### [Description of the task]
Everything from the line with "Black Skinny High" through the final line of the listing below must be retyped exactly, apart from the pictures.

--- Given information ---

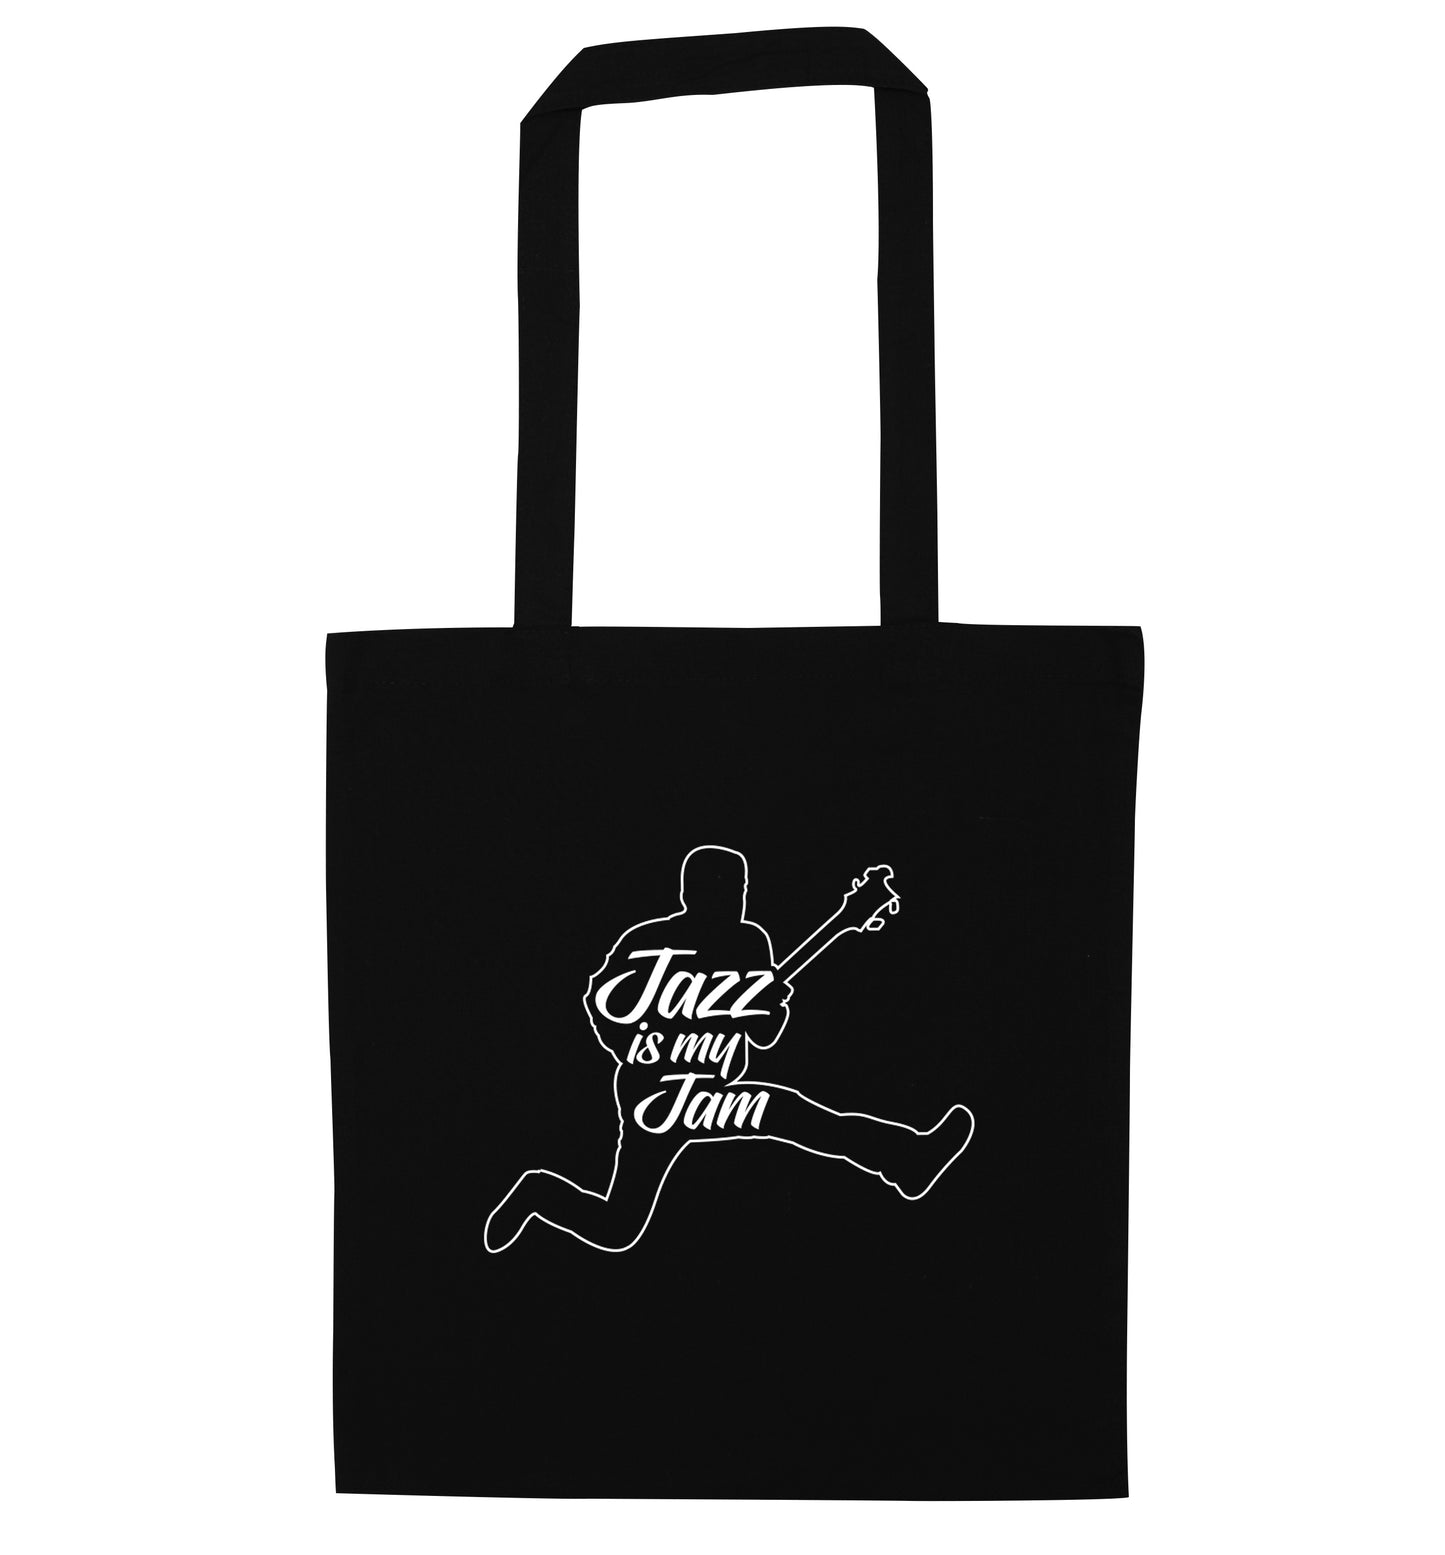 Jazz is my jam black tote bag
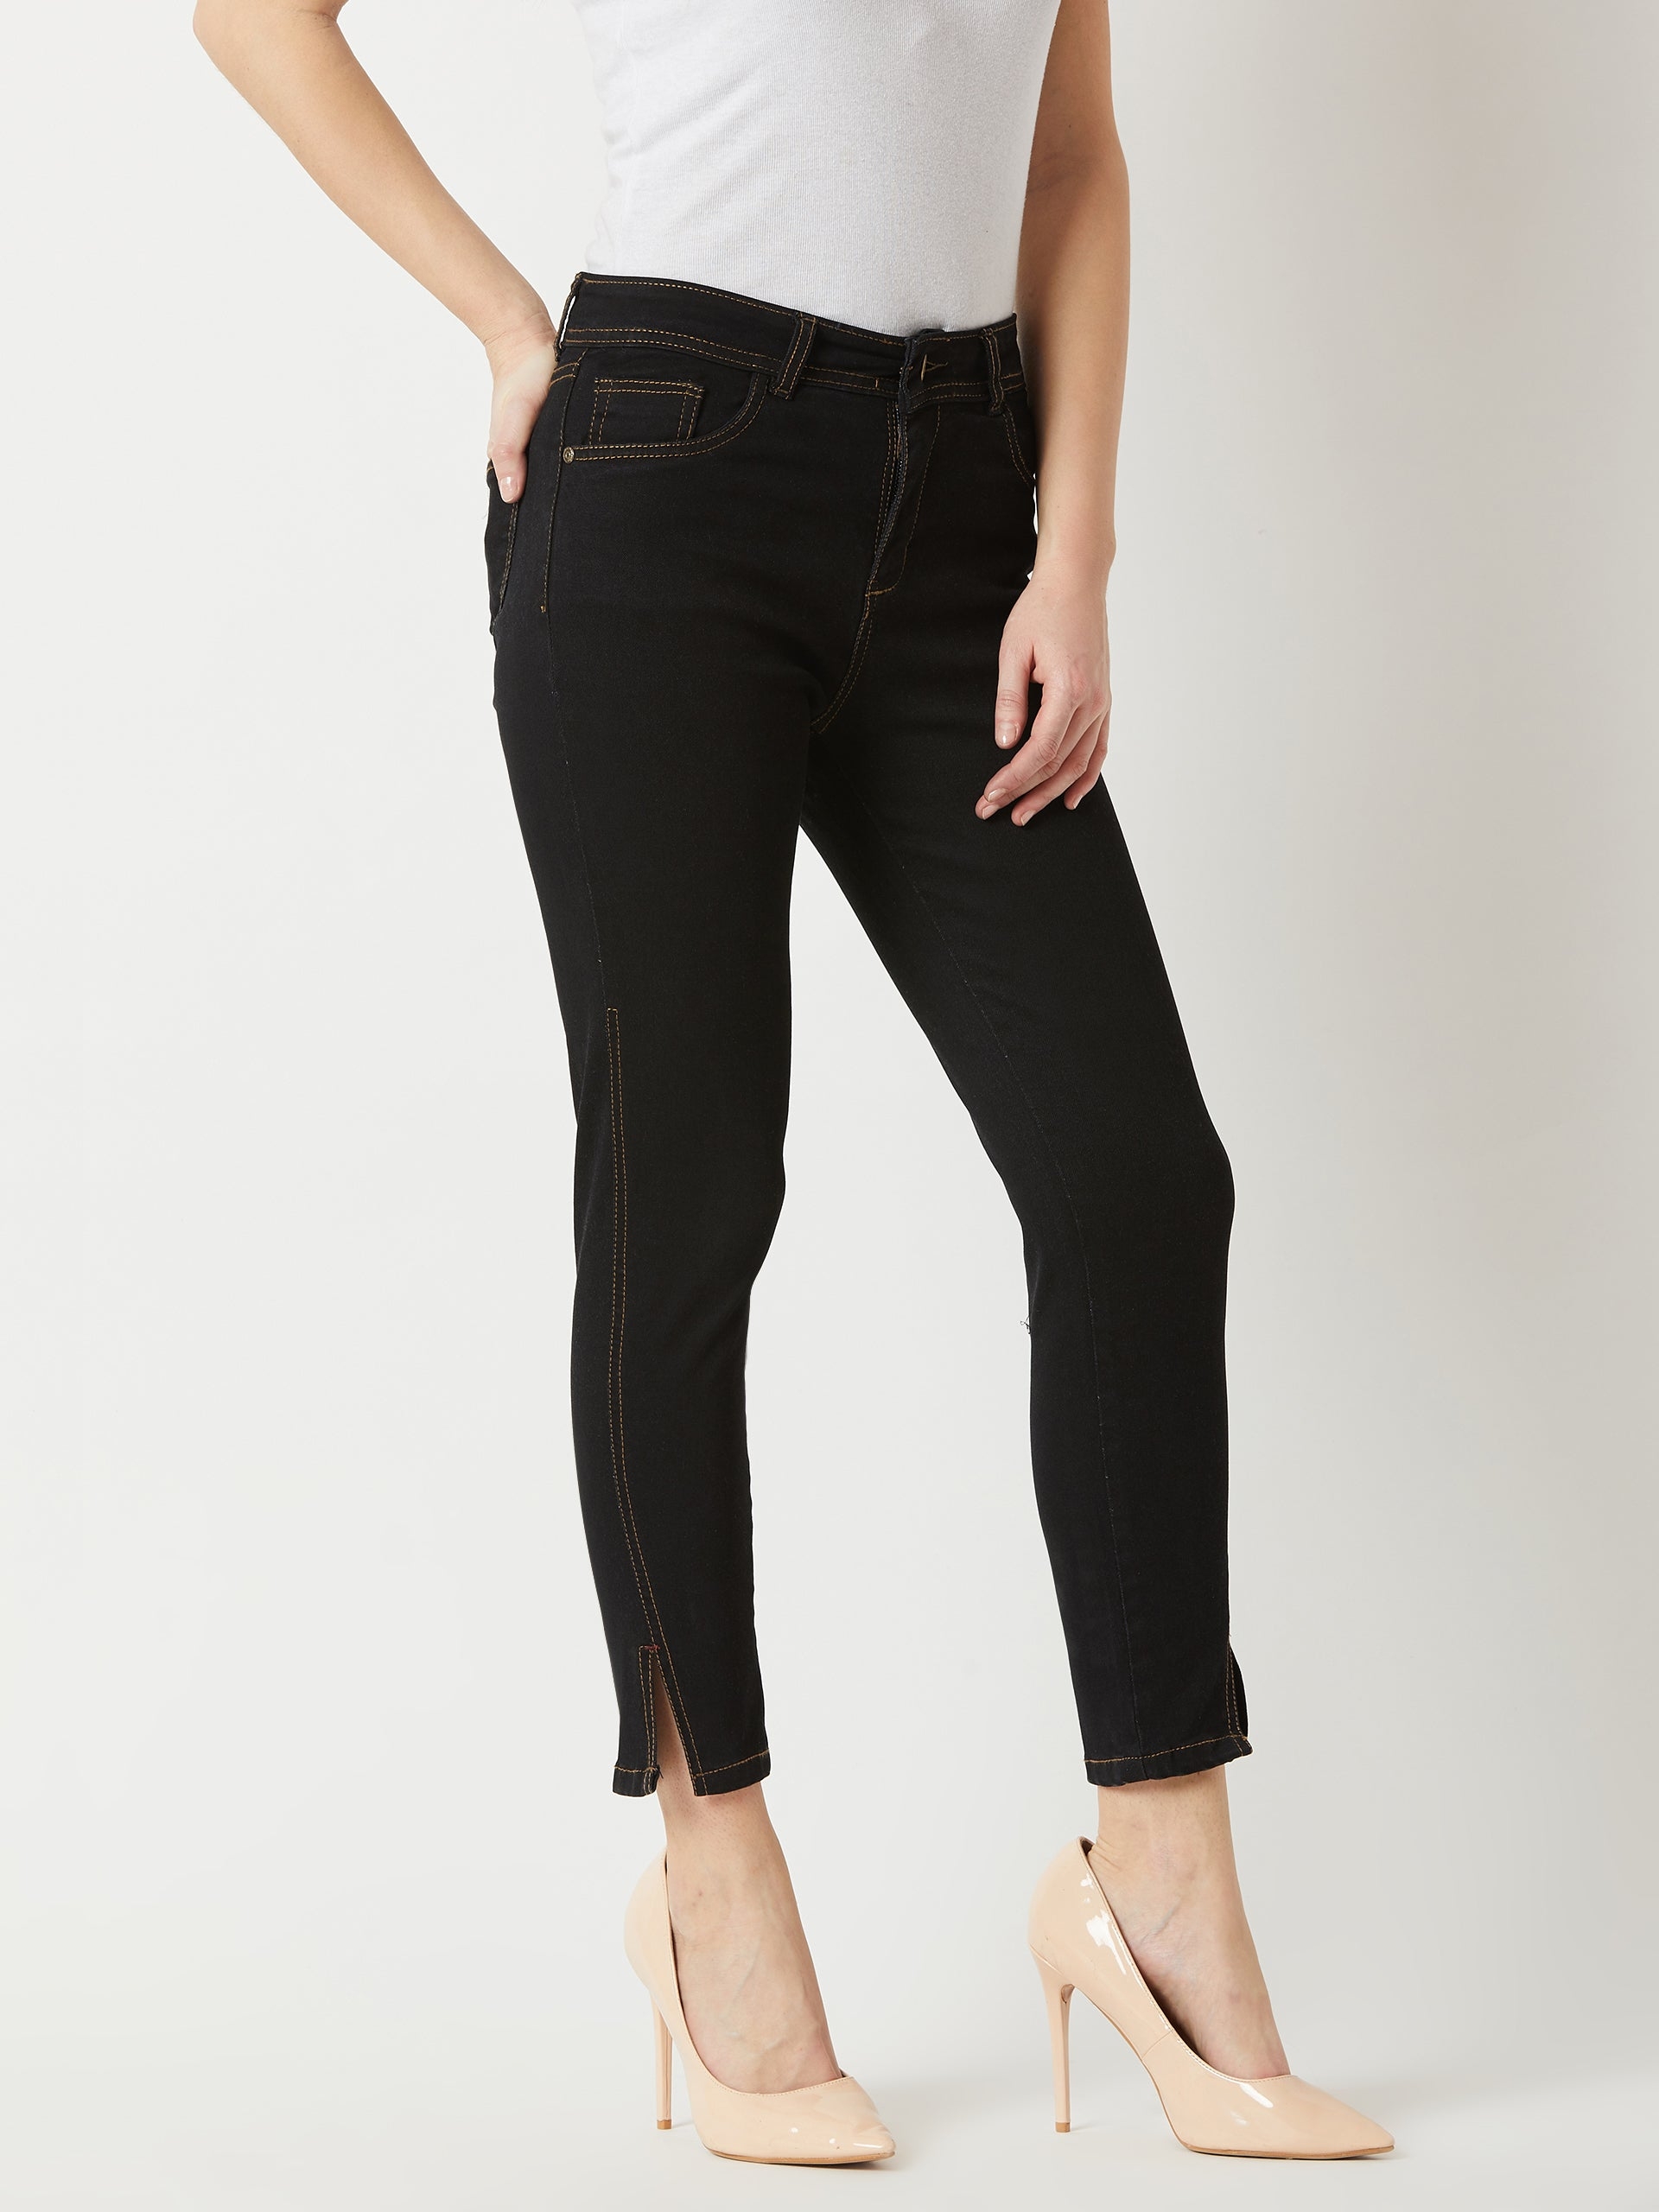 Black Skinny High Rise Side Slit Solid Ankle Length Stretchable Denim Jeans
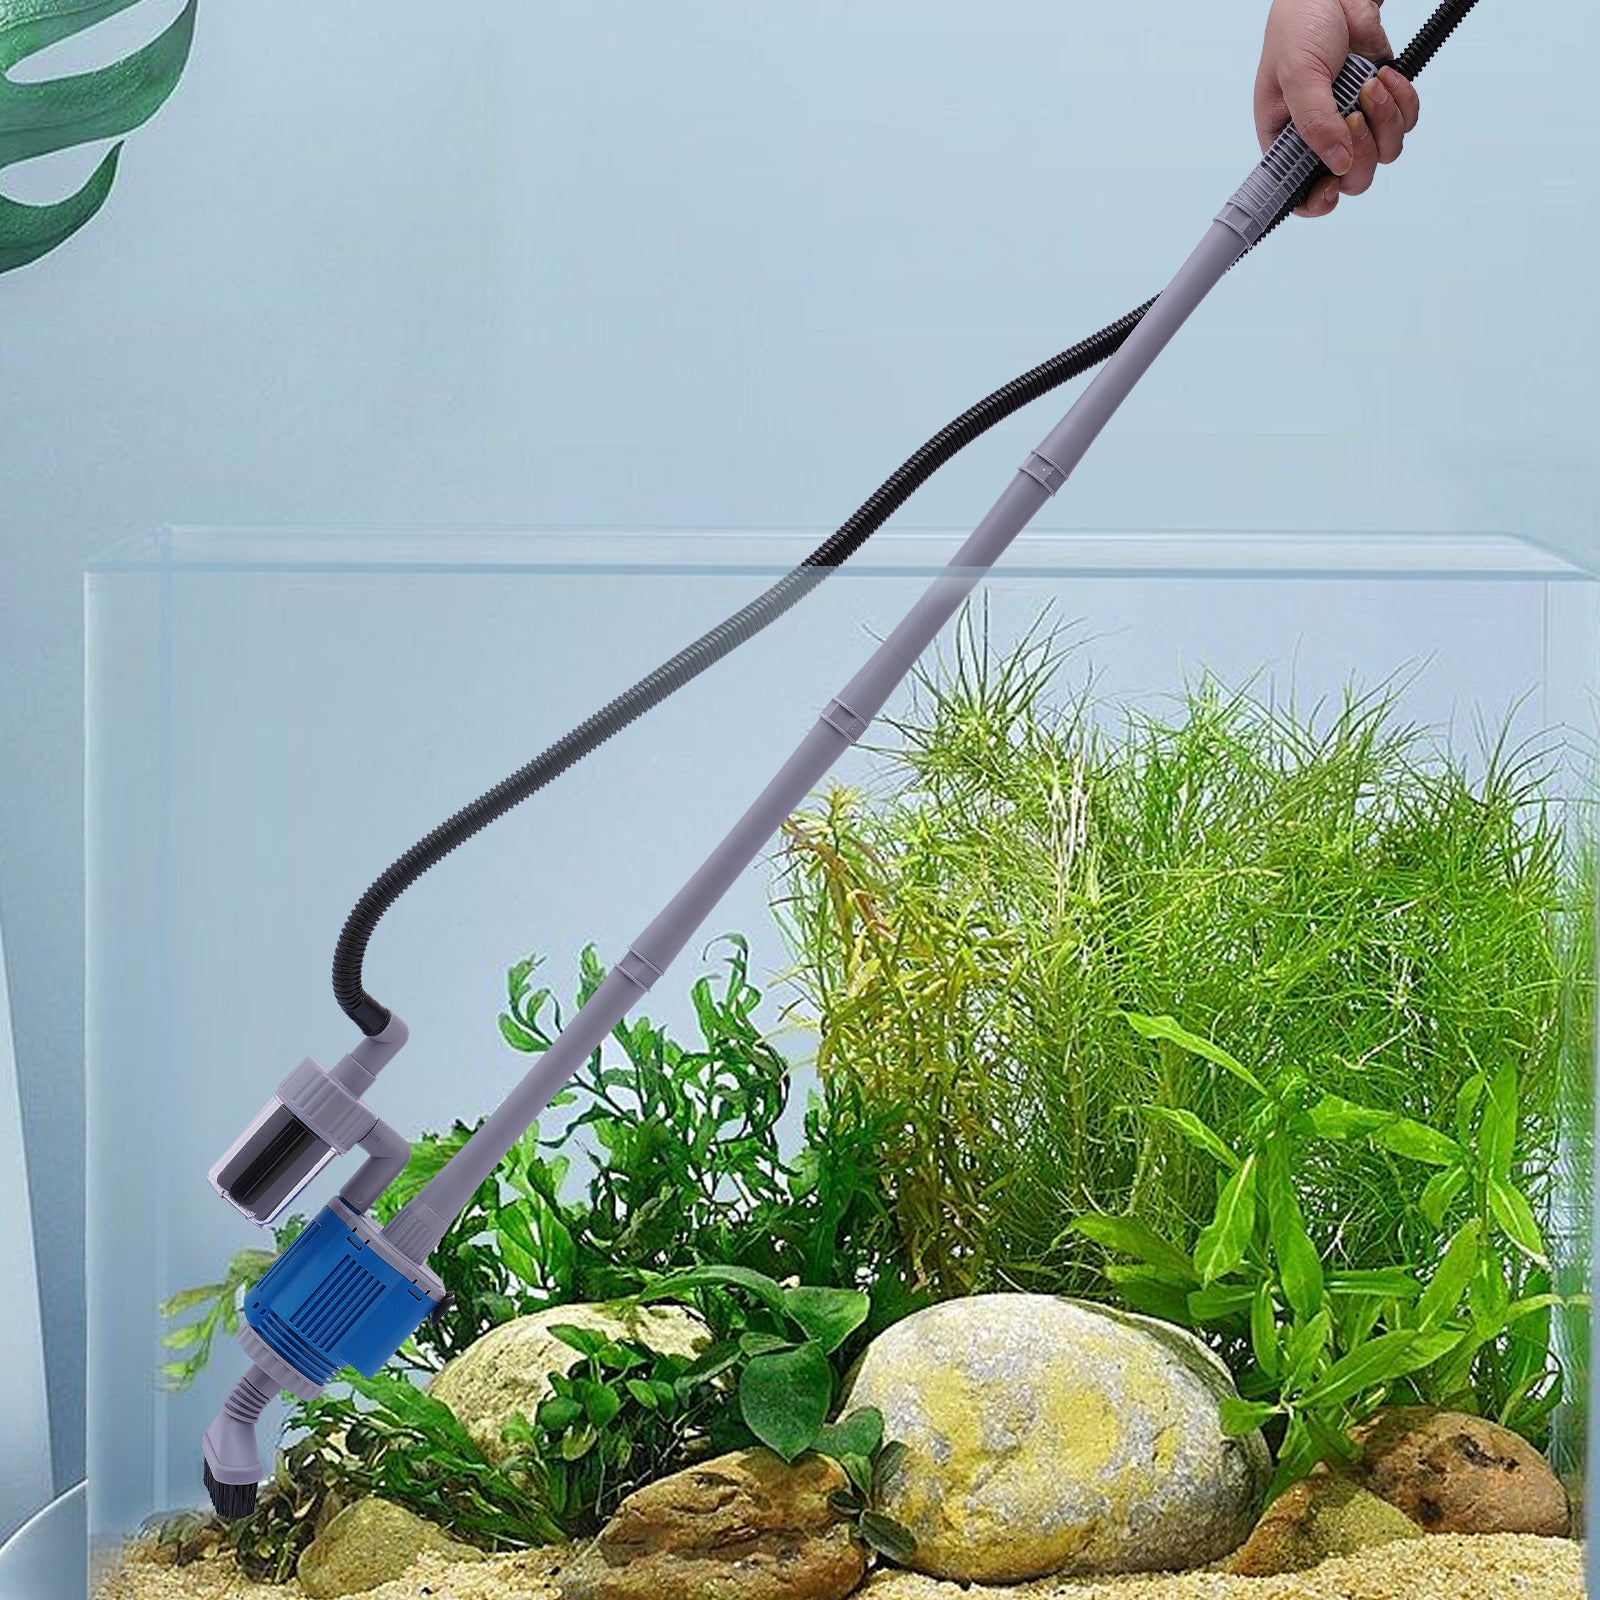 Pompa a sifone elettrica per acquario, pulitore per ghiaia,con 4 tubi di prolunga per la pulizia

---

### [Exercise result]
 Black Skinny High Rise Side Slit Solid Ankle Length Stretchable Denim Jeans
 Pompa a sifone elettrica per acquario, pulitore per ghiaia,con 4 tubi di prolunga per la pulizia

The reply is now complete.